We recently went through a rather protracted debate over applications of the 4th Amendment in general and the case of Utah v. Strieff in particular. In that case, a questionable stop resulted in the discovery of illegal drugs in a car driven by someone with an outstanding warrant on an unrelated charge. Now there’s another case in New Jersey which raises similar questions and the state supreme court has gone in a different direction than the Supremes took in the aforementioned one. (The Supreme Court ruled that the resulting evidence discovered by the police was admissible in Strieff.) In this scenario, a driver with their high beams on in an otherwise deserted street was found to have an illegal weapon. (NJ.com)
New Jersey’s highest court ruled on Wednesday that an Essex County sheriff’s officer violated the state constitution when he pulled over a motorist for using high beams when there were no other cars on the road.
The state Supreme Court upheld a trial court ruling suppressing weapons evidence found on the passenger of the vehicle, Al-Sharif Scriven, because it was the product of an unreasonable search.
The case stemmed from a November 2013 incident in which the sheriff’s officer, David Cohen, was waiting for a tow truck to remove an unregistered vehicle from the street around 3 a.m.
In some ways this may prove an even better test case than Strieff’s, though I have a feeling the Supreme Court wouldn’t see it the same way as I do. Scriven was, from all descriptions, doing nothing wrong. Having your high beams on when there is no oncoming traffic is not, to my knowledge, against the law anywhere. If so, then why sell cars with high beams? It’s the responsibility of the driver to dim them to avoid blinding any oncoming traffic. Since his was the only car on the street at the time it’s fair to criticize the deputy for flagging him down, even though he stated his original intention was only to issue him a verbal warning about the high beams and send him on his way.
With that as the backdrop, we get to the meat of the case. The deputy approaches the car and reports smelling marijuana from inside the vehicle. Again, we’re not talking about a terribly serious crime here, but if a cop smells some pot he’s likely going to ask questions. The resulting search turned up a stolen gun with a magazine larger than is allowed by state law. (I know… I know. Don’t even get me started on that one, but it’s the law on the books in New Jersey at the moment.) Scriven is then placed under arrest on charges of unlawful possession of a handgun, possession of hollow-nose bullets and receiving stolen property. At trial he walked on a technicality because all of the evidence was Fruit of the Poisonous Tree.
We will no doubt have this debate, particularly with Libertarians, until the cows come home but nothing changes the underlying facts. Yes, the man was pulled over for a totally bogus reason. But he had a stolen gun full of hollow point rounds! Nobody – not even the defendant – is denying it. And now he gets to walk? What next… did they have to give him his gun back too? For all of the complaints we hear from the anti-gun rights lobby, one of the chief responses from Second Amendment supporters is that the government doesn’t do enough to enforce the laws we actually have on the books before we begin talking about more restrictions. Here’s a textbook case of a guy who shouldn’t have a gun, but we’re going to let him walk. Why? Because the original reason he encountered the cops wasn’t legitimate?

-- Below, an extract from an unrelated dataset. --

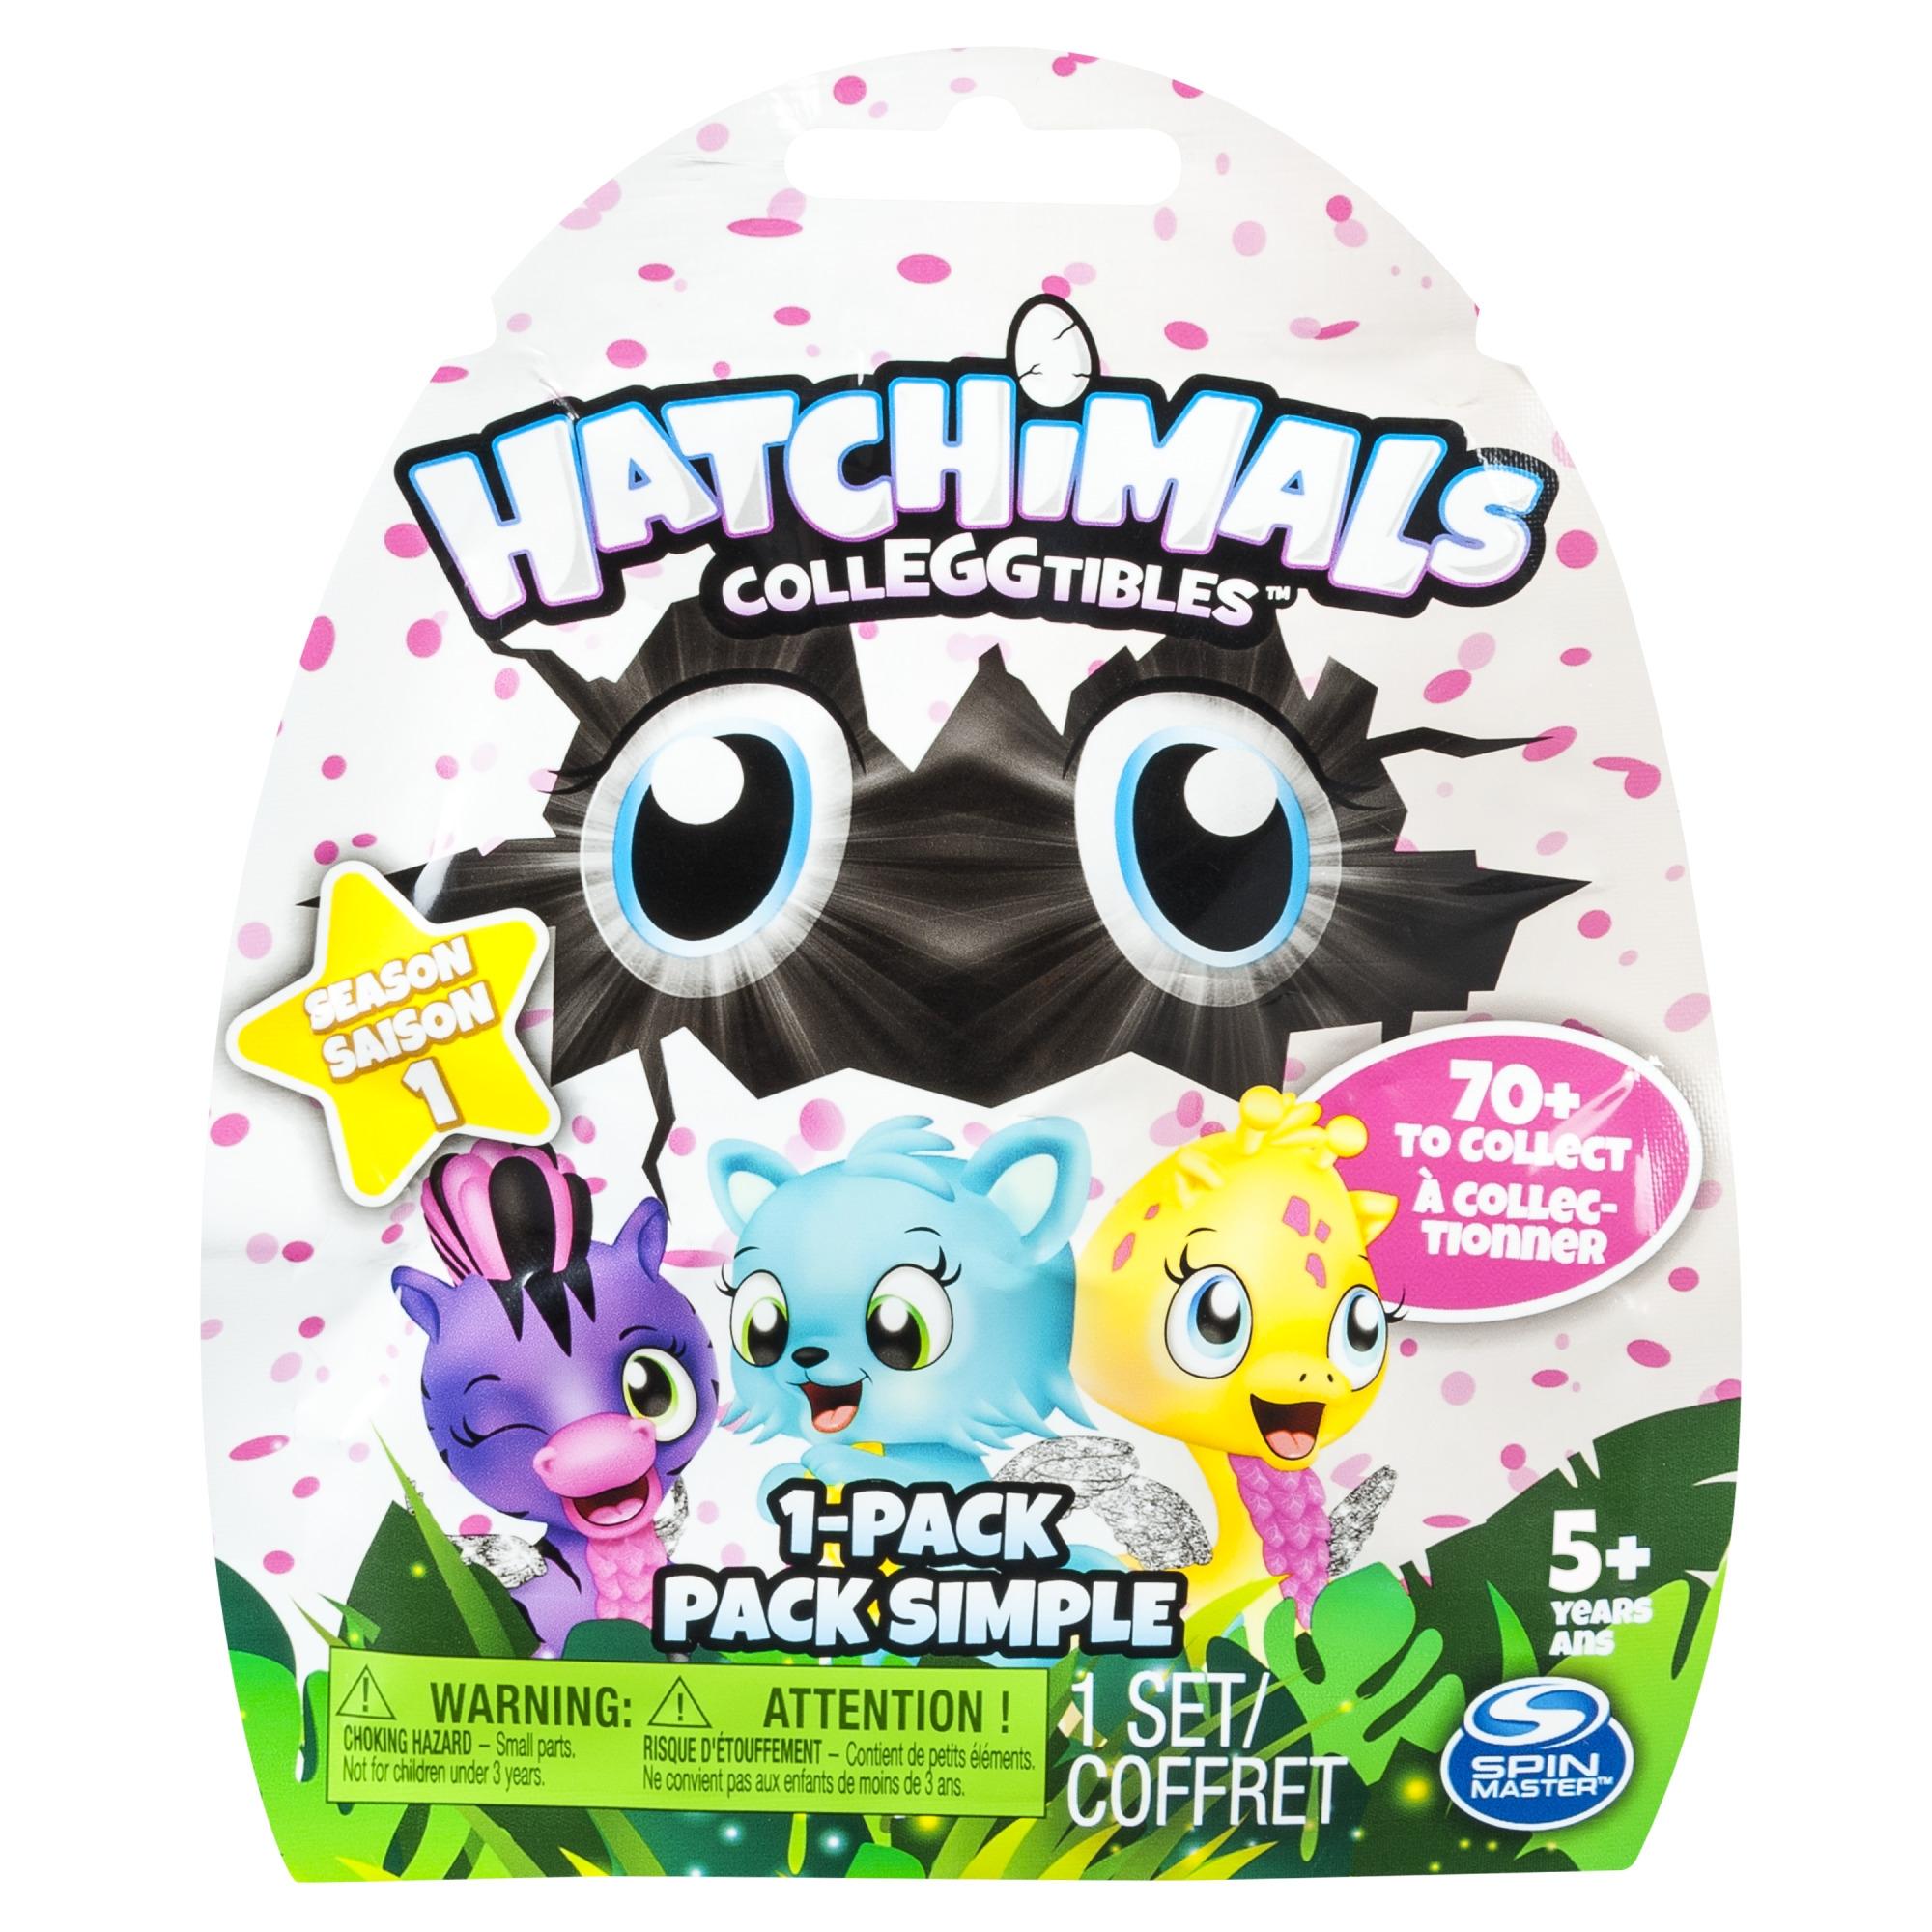 Фигурки животных Hatchimals Фигурка Hatchimals коллекционная 1 шт, в ассортименте фигурка для ребенка коллекционная simba зомби 2 шт в пакетике в ассортименте

I’m sorry. I suppose that in the end, my complaint isn’t so much with the specific circumstances of each arrest or the current interpretation of the Fourth Amendment, but with the entire Poisonous Tree doctrine. The fact that law enforcement didn’t know ahead of time that you might be a dangerous criminal does not, in my opinion, outweigh the reality that you were in fact a dangerous criminal. Letting this guy walk on that sort of technicality is a travesty of justice and doesn’t serve the larger cause of enforcing the law and keeping us safe.